All the data should be transcribed exactly, with every line kept.

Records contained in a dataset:

◆ ◆ ◆ ◆ ◆ ◆ ◆

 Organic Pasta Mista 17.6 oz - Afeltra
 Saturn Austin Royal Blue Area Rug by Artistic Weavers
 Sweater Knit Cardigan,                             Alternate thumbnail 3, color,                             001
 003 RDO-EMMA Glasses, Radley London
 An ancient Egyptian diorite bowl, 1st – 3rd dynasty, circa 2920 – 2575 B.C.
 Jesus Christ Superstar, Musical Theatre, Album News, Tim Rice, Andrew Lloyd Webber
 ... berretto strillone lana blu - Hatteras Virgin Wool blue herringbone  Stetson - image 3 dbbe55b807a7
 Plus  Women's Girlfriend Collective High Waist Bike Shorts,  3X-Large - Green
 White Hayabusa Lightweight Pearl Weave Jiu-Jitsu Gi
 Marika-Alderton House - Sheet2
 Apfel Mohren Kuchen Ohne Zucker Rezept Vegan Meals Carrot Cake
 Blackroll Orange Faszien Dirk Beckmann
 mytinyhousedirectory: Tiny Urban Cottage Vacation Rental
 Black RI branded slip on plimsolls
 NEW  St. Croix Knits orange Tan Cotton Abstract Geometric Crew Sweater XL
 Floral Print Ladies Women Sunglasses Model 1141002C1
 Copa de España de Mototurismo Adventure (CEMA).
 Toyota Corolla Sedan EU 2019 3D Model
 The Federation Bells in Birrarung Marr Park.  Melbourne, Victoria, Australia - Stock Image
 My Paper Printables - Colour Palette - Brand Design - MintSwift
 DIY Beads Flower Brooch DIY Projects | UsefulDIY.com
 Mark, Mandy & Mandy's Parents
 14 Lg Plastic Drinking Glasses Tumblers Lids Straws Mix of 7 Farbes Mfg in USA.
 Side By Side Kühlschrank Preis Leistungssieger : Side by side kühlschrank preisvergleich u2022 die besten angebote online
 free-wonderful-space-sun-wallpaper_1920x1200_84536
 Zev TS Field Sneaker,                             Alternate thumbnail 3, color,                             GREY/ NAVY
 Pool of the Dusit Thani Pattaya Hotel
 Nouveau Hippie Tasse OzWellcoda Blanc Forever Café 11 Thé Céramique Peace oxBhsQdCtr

◆ ◆ ◆ ◆ ◆ ◆ ◆

— Exercise result —
 Organic Pasta Mista 17.6 oz - Afeltra
 Saturn Austin Royal Blue Area Rug by Artistic Weavers
 Sweater Knit Cardigan,                             Alternate thumbnail 3, color,                             001
 003 RDO-EMMA Glasses, Radley London
 An ancient Egyptian diorite bowl, 1st – 3rd dynasty, circa 2920 – 2575 B.C.
 Jesus Christ Superstar, Musical Theatre, Album News, Tim Rice, Andrew Lloyd Webber
 ... berretto strillone lana blu - Hatteras Virgin Wool blue herringbone  Stetson - image 3 dbbe55b807a7
 Plus  Women's Girlfriend Collective High Waist Bike Shorts,  3X-Large - Green
 White Hayabusa Lightweight Pearl Weave Jiu-Jitsu Gi
 Marika-Alderton House - Sheet2
 Apfel Mohren Kuchen Ohne Zucker Rezept Vegan Meals Carrot Cake
 Blackroll Orange Faszien Dirk Beckmann
 mytinyhousedirectory: Tiny Urban Cottage Vacation Rental
 Black RI branded slip on plimsolls
 NEW  St. Croix Knits orange Tan Cotton Abstract Geometric Crew Sweater XL
 Floral Print Ladies Women Sunglasses Model 1141002C1
 Copa de España de Mototurismo Adventure (CEMA).
 Toyota Corolla Sedan EU 2019 3D Model
 The Federation Bells in Birrarung Marr Park.  Melbourne, Victoria, Australia - Stock Image
 My Paper Printables - Colour Palette - Brand Design - MintSwift
 DIY Beads Flower Brooch DIY Projects | UsefulDIY.com
 Mark, Mandy & Mandy's Parents
 14 Lg Plastic Drinking Glasses Tumblers Lids Straws Mix of 7 Farbes Mfg in USA.
 Side By Side Kühlschrank Preis Leistungssieger : Side by side kühlschrank preisvergleich u2022 die besten angebote online
 free-wonderful-space-sun-wallpaper_1920x1200_84536
 Zev TS Field Sneaker,                             Alternate thumbnail 3, color,                             GREY/ NAVY
 Pool of the Dusit Thani Pattaya Hotel
 Nouveau Hippie Tasse OzWellcoda Blanc Forever Café 11 Thé Céramique Peace oxBhsQdCtr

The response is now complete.